JAPANSE LADDERKLOK “SHAKU-DOKEI” MET SLAGWERK Ca 1820

Japanse klokken Wandklokken

M&R147

LADDERKLOK “SHAKU-DOKEI”
MET SLAGWERK
Circa 1820
Japan

Uurwerk
Messing platine-uurwerk op spillegang met balans. De messing voorplatine is voorzien van decoratief ajourgezaagde chrysantmotieven. Tevens bevindt zich hier het opwindstaafje voor het gaand¬werk. Op de twee hoeken aan de voorzijde van het uurwerk zijn twee ge¬profileerde messing pilaartjes geplaatst. Het gaandwerk wordt aangedreven door een gewicht, dat tevens als slagwerk dient. Het slagwerk slaat de hele en halve Japanse uren. Aan de bovenzijde van de ladder bevindt zich een kleine ronde uitsparing waardoor het slagwerk opgewonden kan worden.

Wijzerplaat
De houten wijzerplaat is voorzien van 13 verschuifbare, messing ’toki’s’ voor de uuraanduiding. De toki’s zijn gegra¬veerd en ingelakt. De Japanse tekens op de toki’s stellen de volgende getallen voor, van boven naar bene¬den: 6, 5, 4, 9, 8, 7, 6, 5, 4, 9, 8, 7, 6. De 12 messing toki’s tussen de uurcijfers dienen voor de halfuur-aanduiding. De decoratief ajourgezaagde messing wijzer schuift aan de linkerzijde van boven naar beneden. Het wijzertje is bevestigd aan het slagwerk. Naast de toki’s aan de rechterzijde is een messing liniaal aangebracht zodat de toki’s gelijkmatig verschoven kunnen worden.

Kast
De gehele kast is vervaardigd van het geaderde Japanse shitan hout (rozenhout).
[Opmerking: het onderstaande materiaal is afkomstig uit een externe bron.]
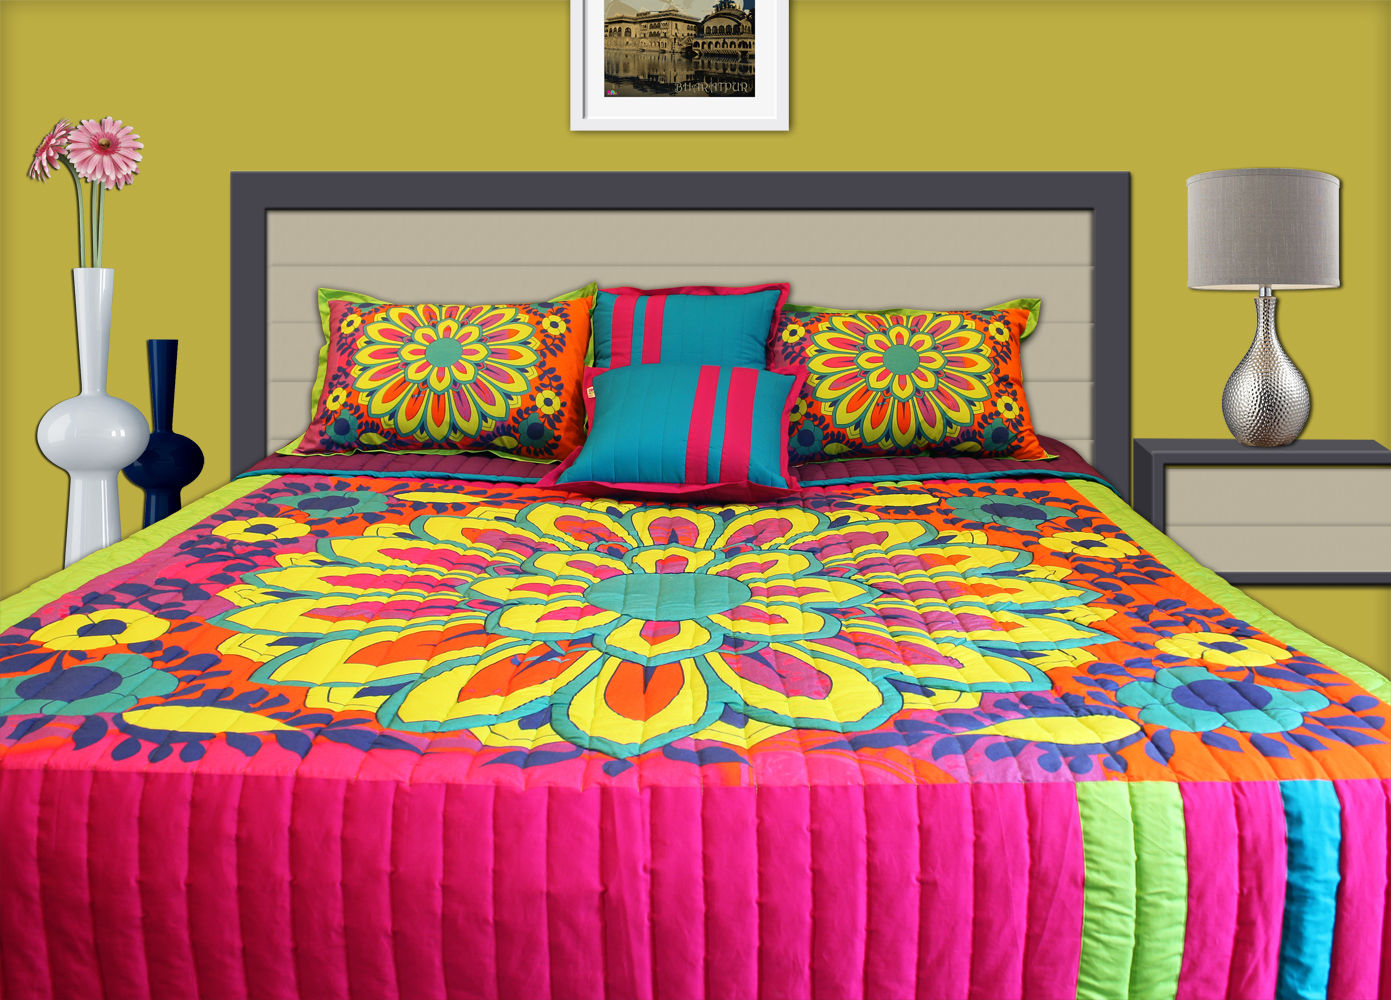 Big Flower Motif King Size Quilted Bedspread homify Modern style bedroom Cotton Red Textiles

De beide zijkanten naast het uurwerk zijn net als de voorzijde voorzien van een venster, afgezet met een licht houten biesje waardoor het uurwerk zichtbaar is. Om de klok op te winden dient men de voorzijde omhoog te schuiven. beide zijden zijn ajourgezaagde en gegraveerde versieringen in repeterend motief als klankgaten voor de bel aangebracht. Onder in de kast een kleine lade voor de opwindsleutel.

Gangduur: 1 dag.

Hoogte: 50 cm.
Breedte: 7.5 cm.
Diepte: 7 cm.

Literatuur
– W. Brandes, Alte Japanische Uhren (E16).
– N.H.N. Mody, Japanese clocks (E17).
– Tardy 3-delig, La Pendule Française JAPON, blz.757-768

Japanse tijd
De Japanse tijdmeting verschilt in grote mate van de Westerse tijdmeting. In plaats van een uur als vaste waarde te nemen verschilt in Japan de lengte van een uur, toki genaamd, naar de lengte van de dag en de nacht. De dag en de nacht zijn beide ingedeeld in 6 toki, die van zonsopgang tot zonsondergang en van zonsondergang tot zonsopgang gerekend worden. In de zomer zijn de dagen langer dan de nachten en duurt dientengevolge een toki overdag ook langer dan ’s nachts.
In de winter werkt dit andersom.
Om deze reden zijn er Japanse klokken met verschuifbare plaatjes, zodat de lengte van de toki verandert kan worden. Tevens zijn er klokken waarbij de cijferring vastzit, maar waarbij het tikgetal van de klok te veranderen is door de gewichtjes van de waag te verplaatsen, zodat de klok langzamer of sneller gaat lopen. Dit komt voor bij de oudere klokken.
De cijfers van de klok lopen van 9 naar 4. In Japan was het cijfer 9 heilig.
Elke toki, 12 in totaal, had ook een eigen teken van de dierenriem die ook wel werden afgebeeld op een cijferring rondom de gewone cijferring.